The people of Iraq are enjoying their new freedom. “During the last regime, our only priority was how to survive,” says Muna Khder, a volunteer worker at the Iraqi Human Rights Center. Ms. Khder says she hopes she “can learn something about democracy.” Since the removal of the Saddam regime, many other Iraqis have joined her in this quest.
Town meetings are being held throughout the country. At a forum in Mosul, those who spoke agreed that Iraq should be democratic. Not surprisingly, Iraqis differ on how democracy should be implemented. The Wall Street Journal newspaper reported that Ghanim al-Basso, the Mosul region’s provincial governor, said, “We must act like one hand, one heart. But democracy is a new word for us,” he said, “and we have no experience with it.”
Iraqis are doing more than debating the forms and mechanisms of democracy. They are also beginning to live it. Hundreds of newspapers with a wide variety of opinions are being published. In Baghdad, shops are filled with merchandise. Internet cafes are open. Music is being played everywhere.

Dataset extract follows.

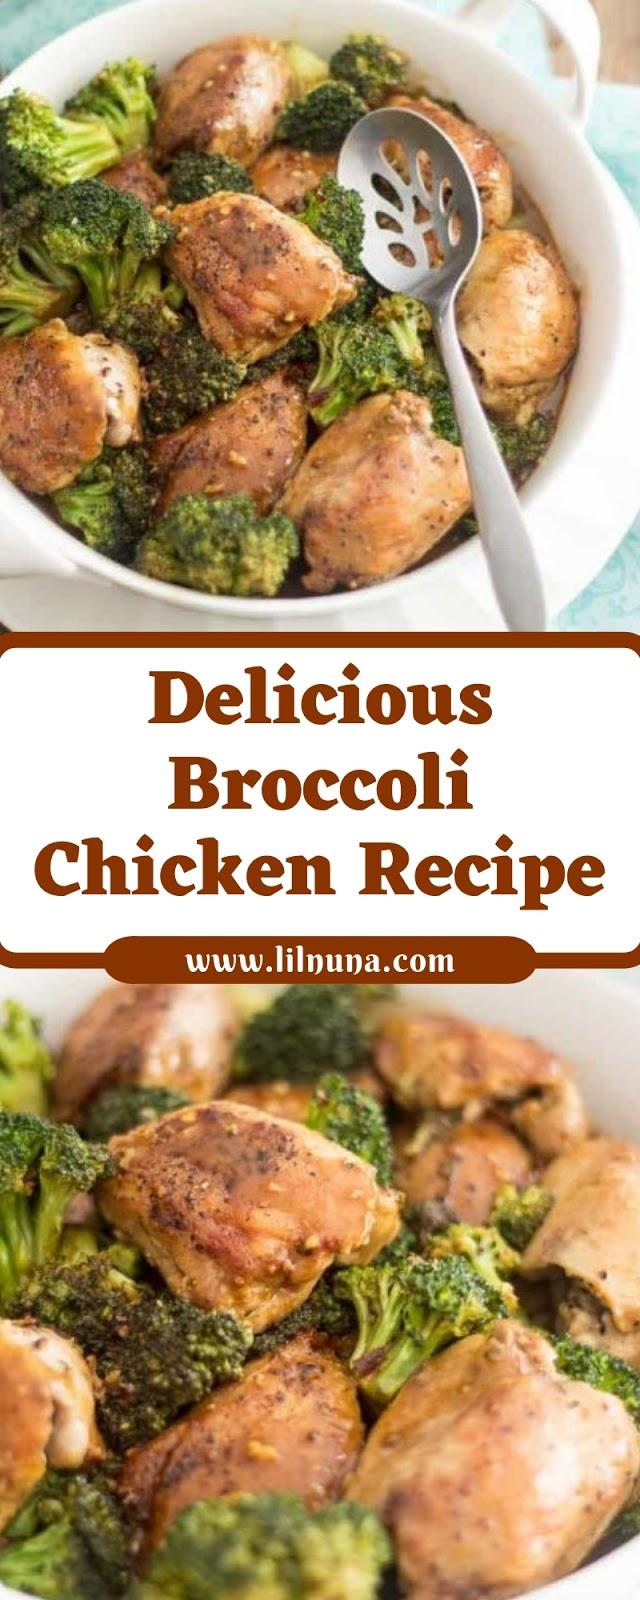 Delicious Broccoli Chicken Recipe
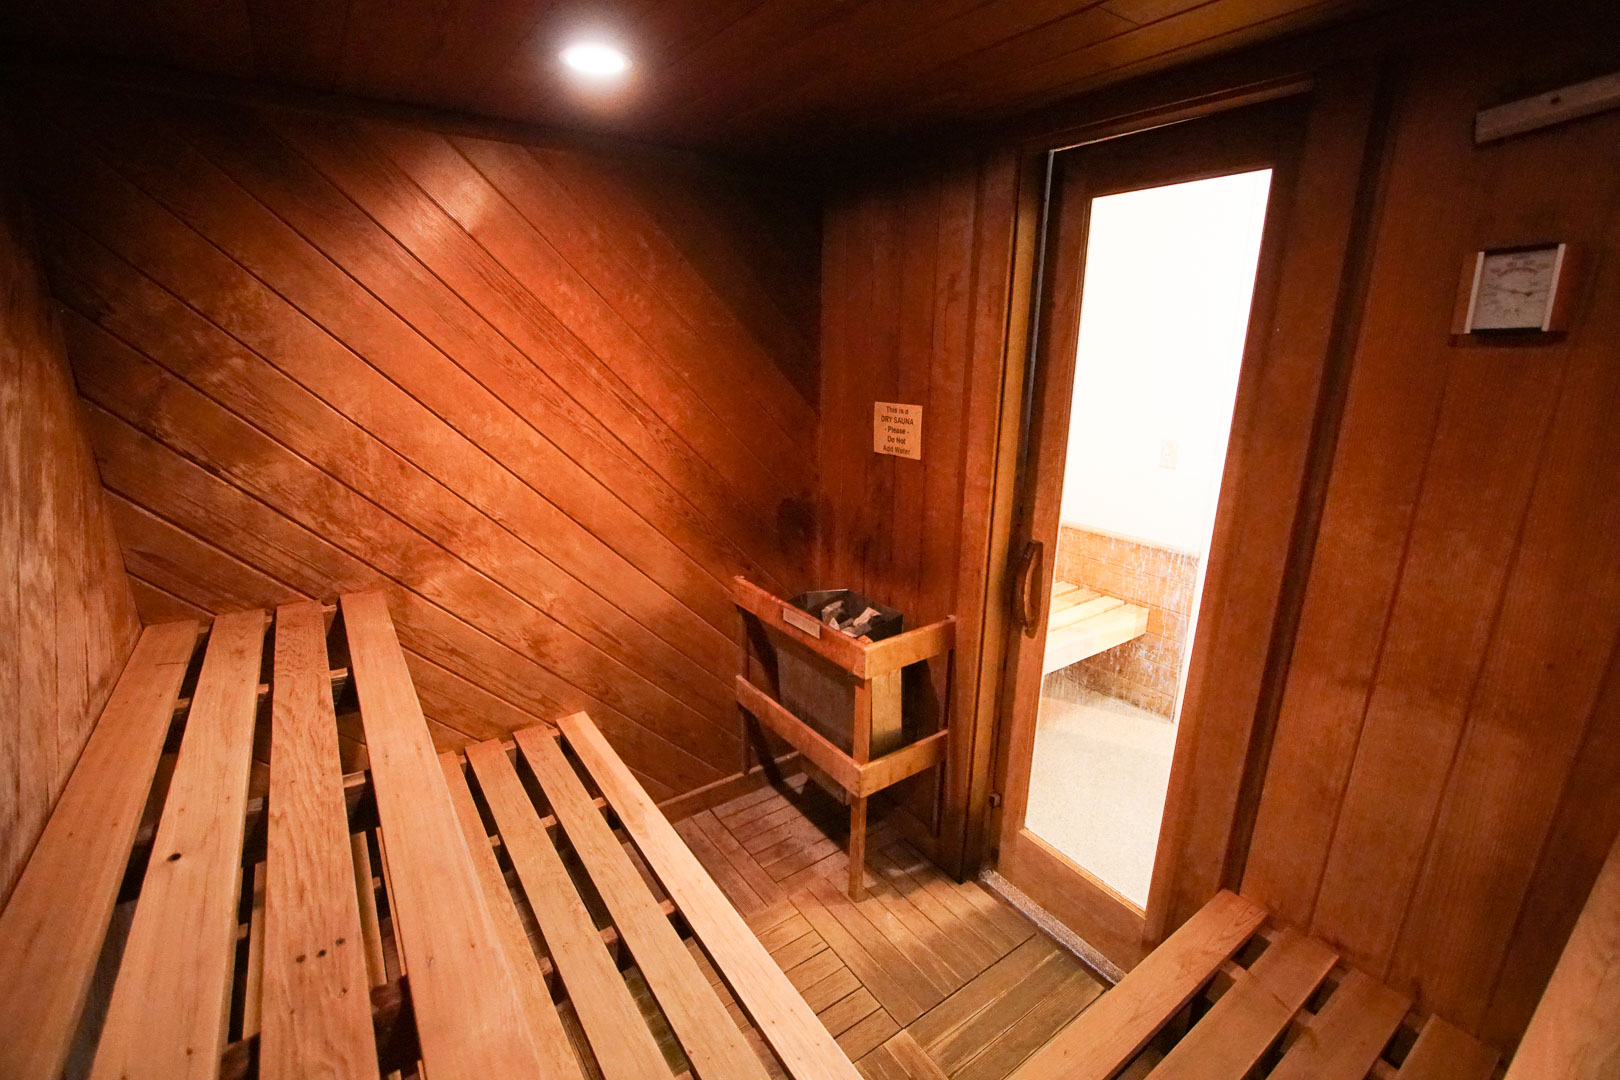 A relaxing hot sauna room at VRI's Brewster Green Resort in Massachusetts.

But having broken the Baathist regime, the U.S.-led coalition and the people of Iraq still face a remnant of violent Saddam Hussein supporters. These killers, joined by foreign terrorists, are a continuing danger. “Yet,” says President George W. Bush, “we’re making progress against them”:
“The work of building a new Iraq is hard, and it’s right. And America has always been willing to do what it takes for what is right. Last January, Iraq’s only law was the whim of one brutal man. Today our coalition is working with the Iraqi Governing Council to draft a basic law, with a bill of rights. We’re working with Iraqis and the United Nations to prepare for a transformance to full Iraqi sovereignty by the end of June.”
“As democracy takes hold in Iraq, the enemies of freedom will do all in their power to spread violence and fear,” says President Bush. But, he adds, “The killers will fail, and the Iraqi people will live in freedom.”